- **About this exercise**
Examine each line of the data. Copy those that contain the string "Casual".

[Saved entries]
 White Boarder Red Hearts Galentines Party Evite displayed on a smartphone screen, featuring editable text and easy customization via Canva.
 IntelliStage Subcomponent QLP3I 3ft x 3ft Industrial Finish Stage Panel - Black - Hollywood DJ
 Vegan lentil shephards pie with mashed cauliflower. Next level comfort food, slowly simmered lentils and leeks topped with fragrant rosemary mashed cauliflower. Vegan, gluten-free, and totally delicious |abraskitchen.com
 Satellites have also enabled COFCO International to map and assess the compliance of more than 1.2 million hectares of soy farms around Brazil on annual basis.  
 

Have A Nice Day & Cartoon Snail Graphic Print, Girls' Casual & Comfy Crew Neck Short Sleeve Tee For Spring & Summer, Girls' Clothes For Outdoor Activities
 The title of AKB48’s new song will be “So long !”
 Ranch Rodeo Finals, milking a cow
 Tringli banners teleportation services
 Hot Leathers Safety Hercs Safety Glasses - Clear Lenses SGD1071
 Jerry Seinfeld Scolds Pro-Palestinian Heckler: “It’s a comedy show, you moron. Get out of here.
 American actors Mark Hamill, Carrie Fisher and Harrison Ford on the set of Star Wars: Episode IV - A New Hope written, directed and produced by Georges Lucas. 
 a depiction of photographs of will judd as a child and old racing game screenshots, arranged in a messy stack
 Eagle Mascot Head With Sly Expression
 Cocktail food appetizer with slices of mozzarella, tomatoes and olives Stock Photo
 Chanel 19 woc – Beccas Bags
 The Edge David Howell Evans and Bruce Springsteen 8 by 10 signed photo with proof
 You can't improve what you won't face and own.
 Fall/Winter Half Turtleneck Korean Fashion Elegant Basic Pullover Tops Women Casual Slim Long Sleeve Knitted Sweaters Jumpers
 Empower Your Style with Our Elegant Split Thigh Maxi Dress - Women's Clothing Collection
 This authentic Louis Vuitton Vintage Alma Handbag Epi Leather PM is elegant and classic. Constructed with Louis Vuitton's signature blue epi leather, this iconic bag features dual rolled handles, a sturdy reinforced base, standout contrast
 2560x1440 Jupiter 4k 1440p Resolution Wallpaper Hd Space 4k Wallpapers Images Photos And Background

- **Answer to this task**
Have A Nice Day & Cartoon Snail Graphic Print, Girls' Casual & Comfy Crew Neck Short Sleeve Tee For Spring & Summer, Girls' Clothes For Outdoor Activities
 Fall/Winter Half Turtleneck Korean Fashion Elegant Basic Pullover Tops Women Casual Slim Long Sleeve Knitted Sweaters Jumpers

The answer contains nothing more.